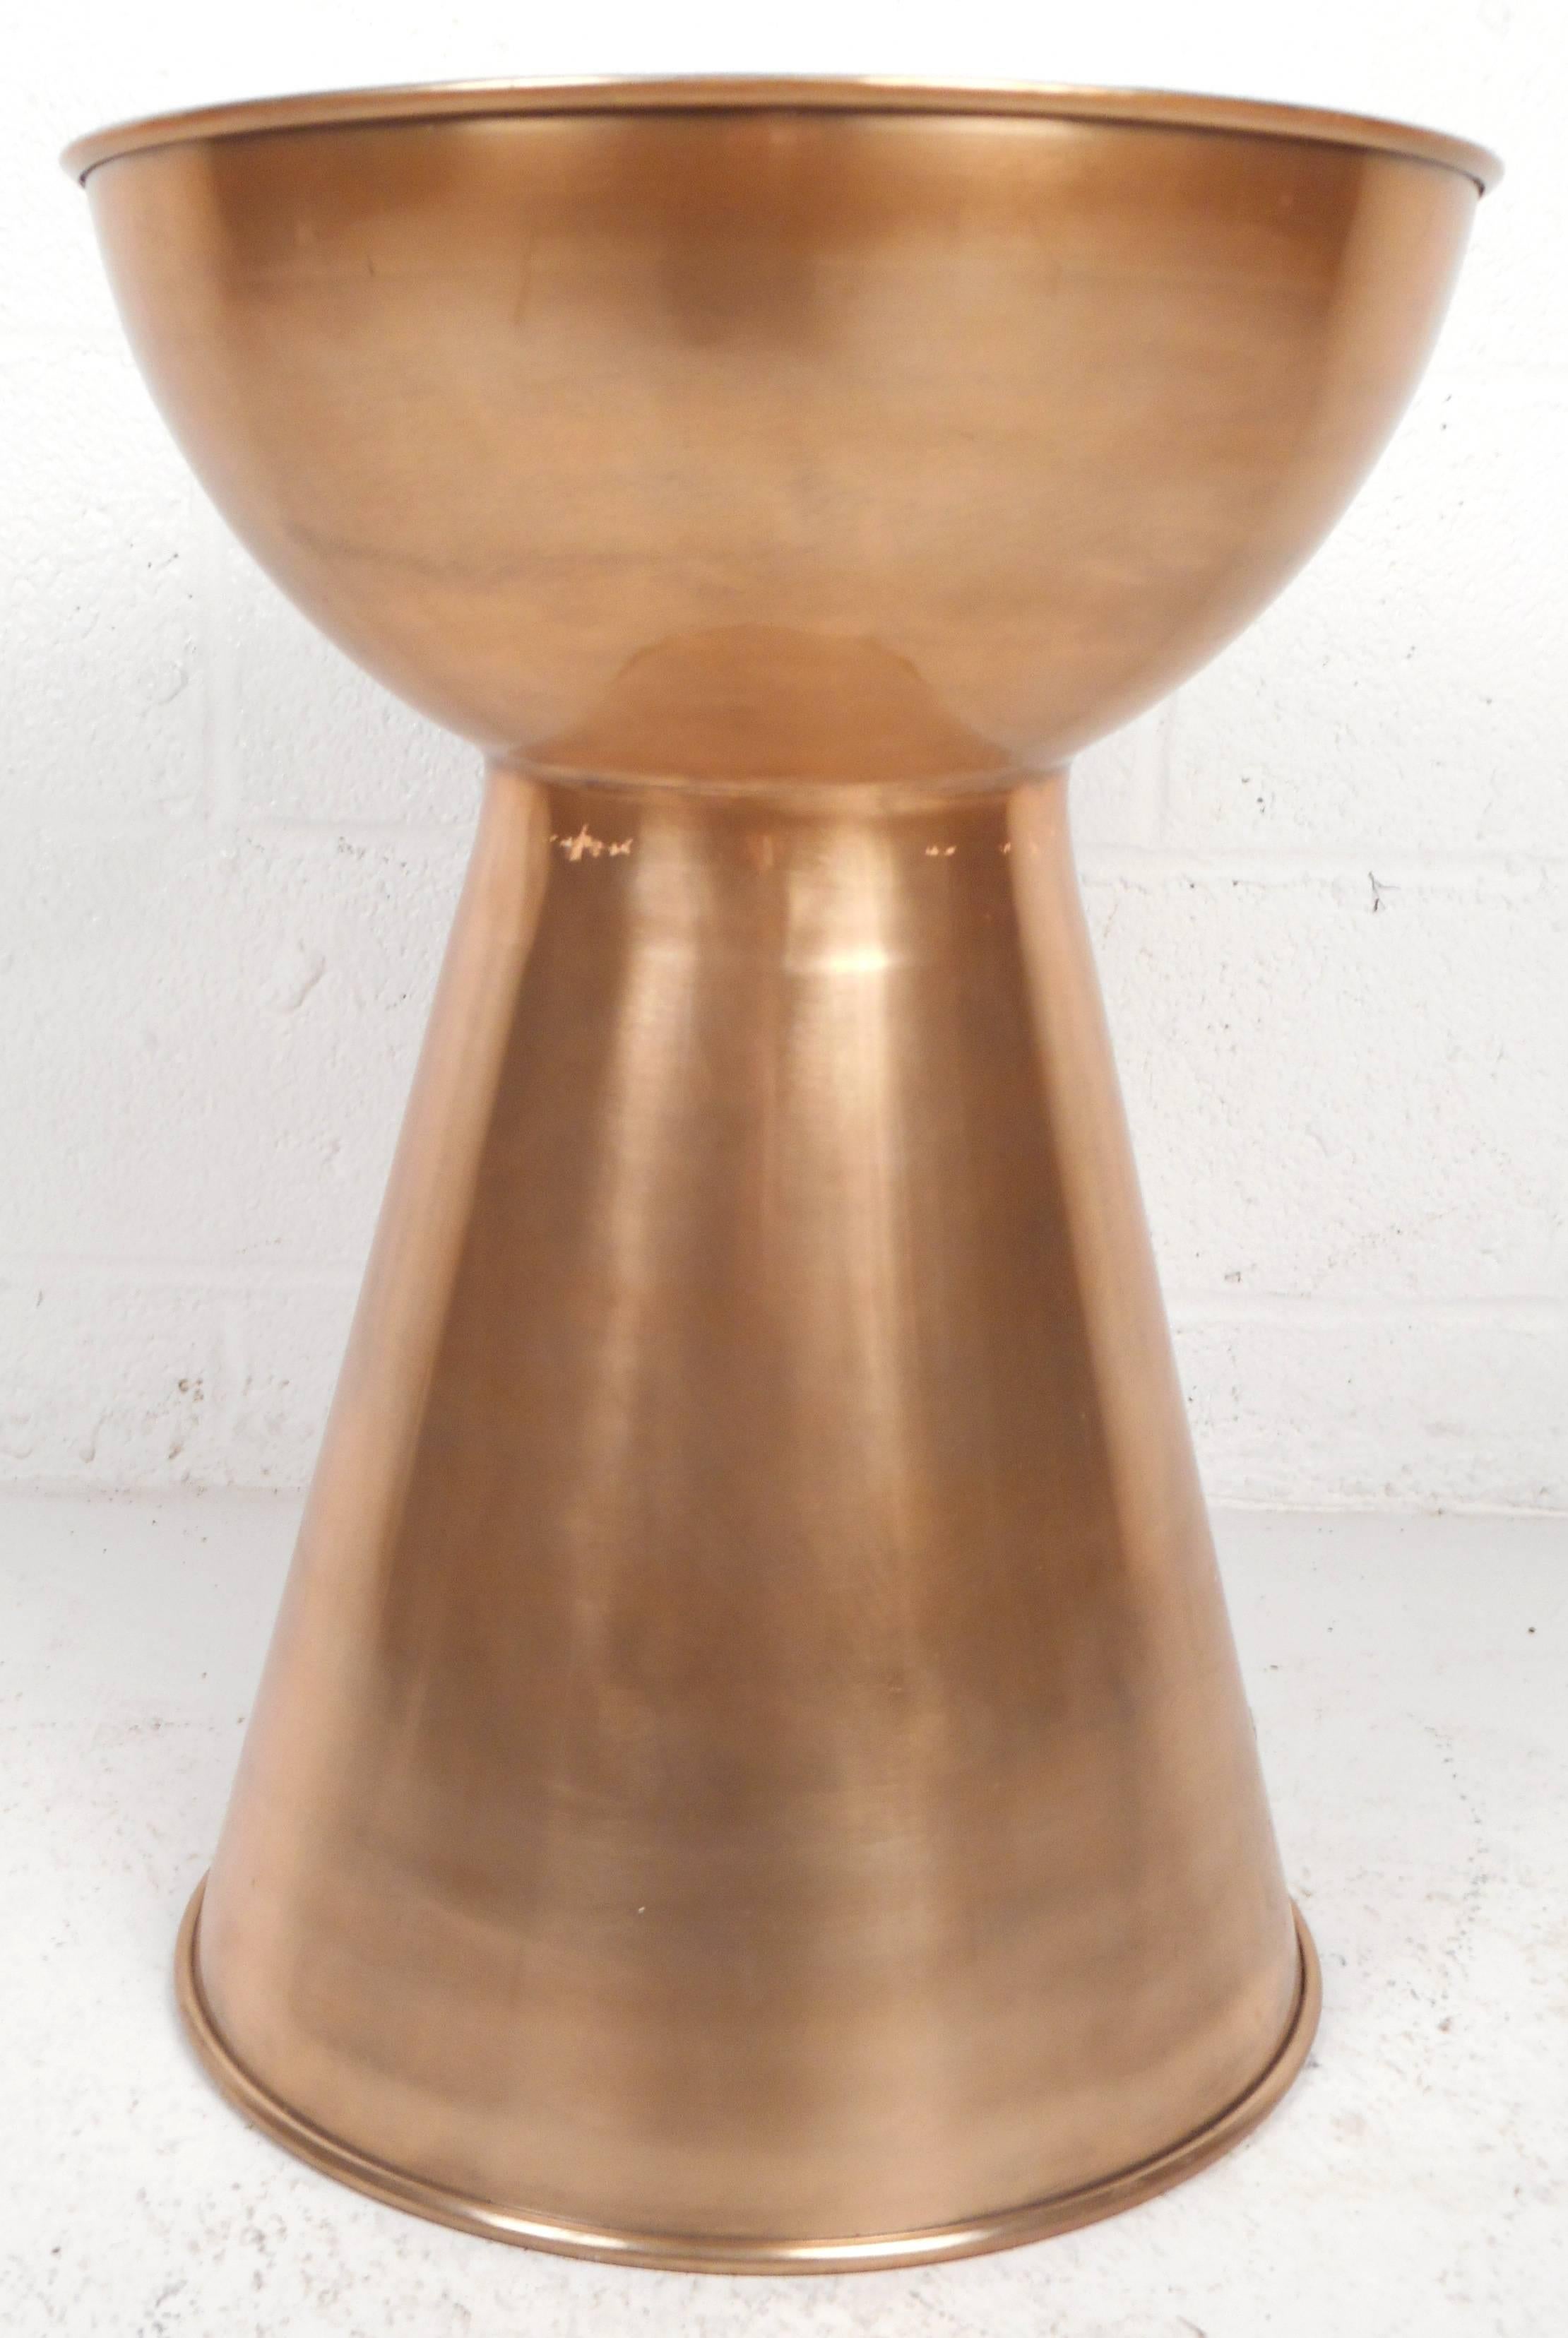 Stunning contemporary modern pedestal features a sculpted hourglass design. The genuine copper finish and sleek design make it the perfect addition to any modern interior. Versatile design can be used as accent table or simply a decorative piece.
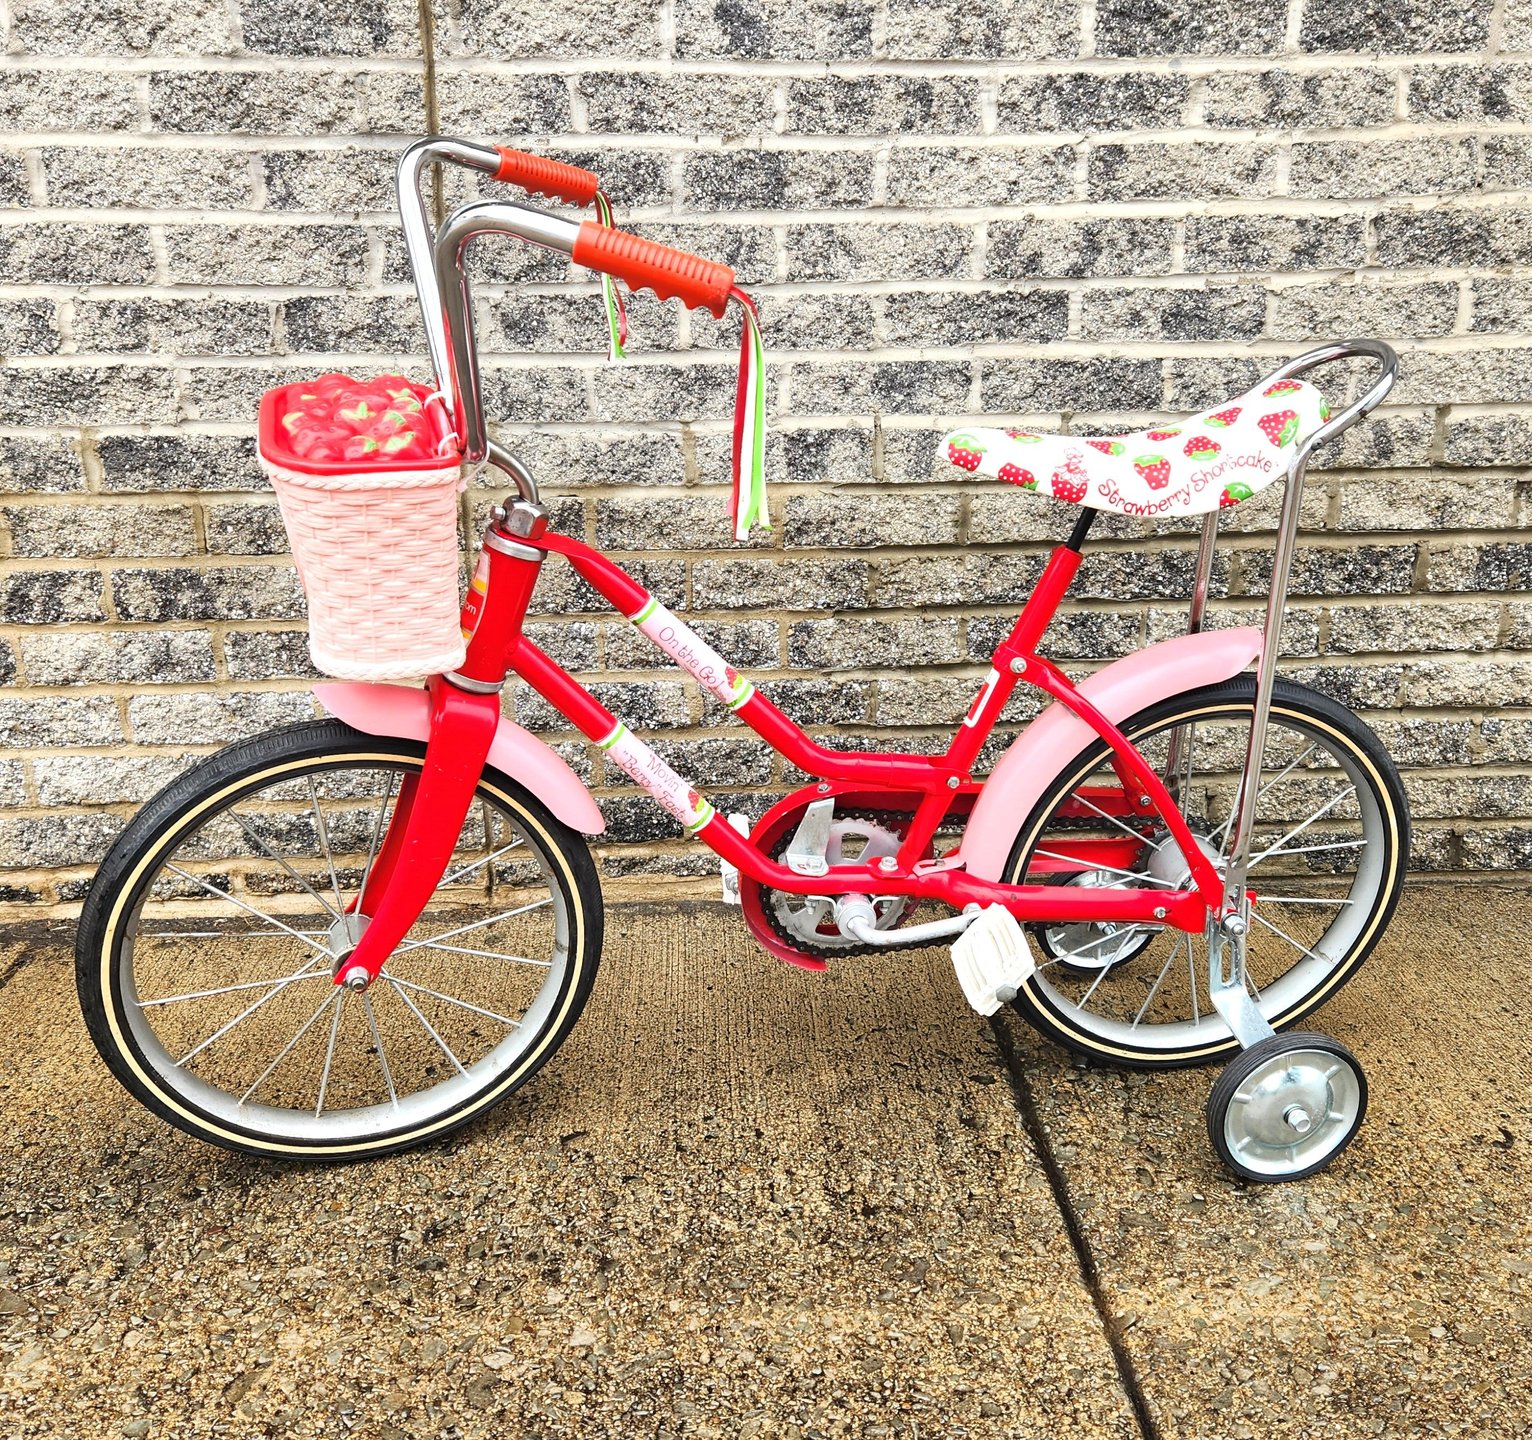 1983 Strawberry Shortcake Girl's Bicycle | Premier Auction
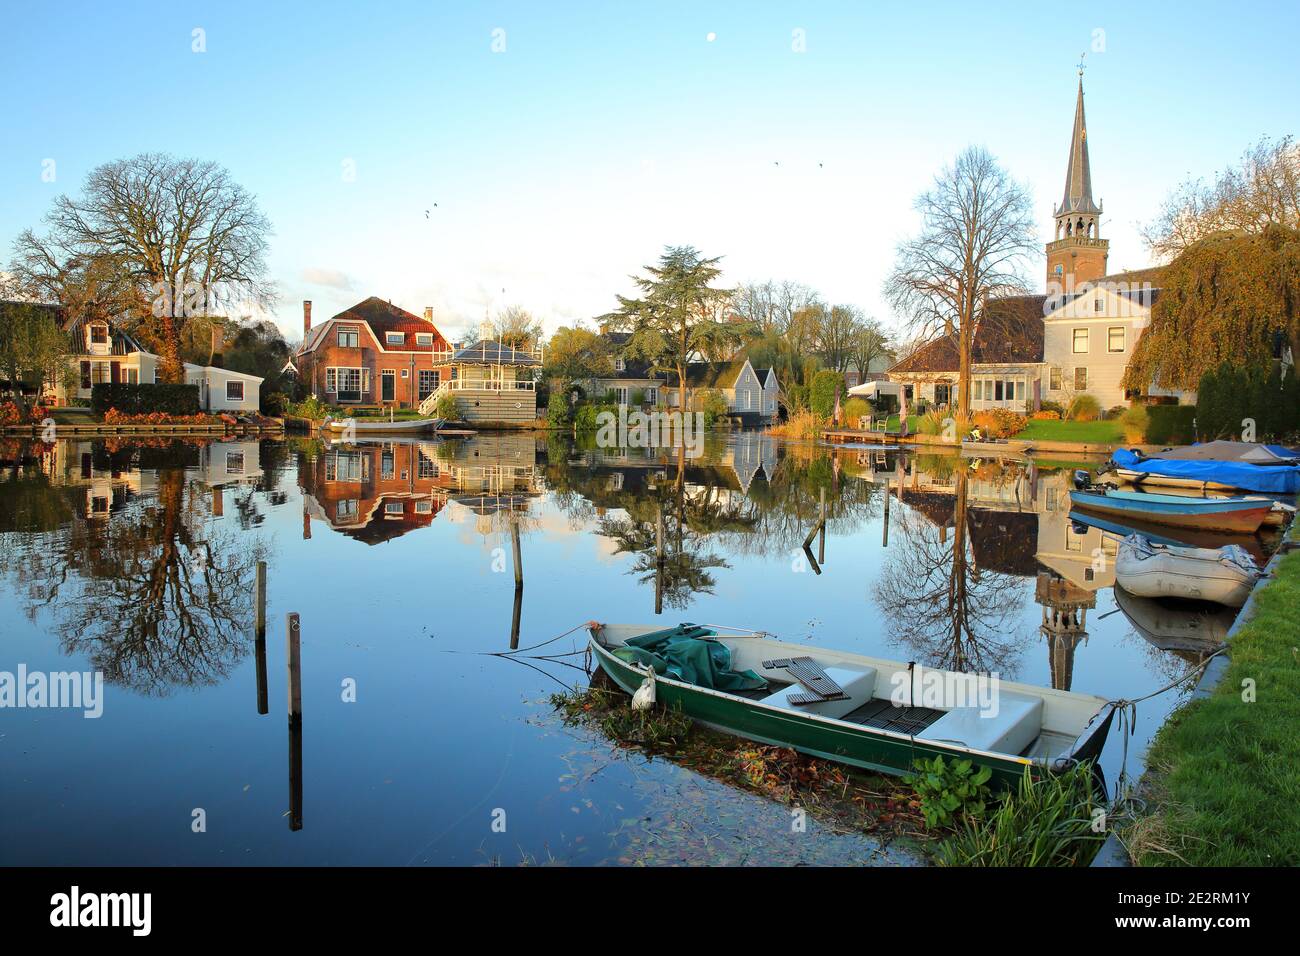 Broek in Waterland, a small town with traditional old and painted wooden houses, North Holland, Netherlands, with reflections of the houses Stock Photo

» Exercise directions: Images stay out, but the rest of the data above must be repeated exactly.

» Task answer:
 Stunning contemporary modern pedestal features a sculpted hourglass design. The genuine copper finish and sleek design make it the perfect addition to any modern interior. Versatile design can be used as accent table or simply a decorative piece.
 1983 Strawberry Shortcake Girl's Bicycle | Premier Auction
 Broek in Waterland, a small town with traditional old and painted wooden houses, North Holland, Netherlands, with reflections of the houses Stock Photo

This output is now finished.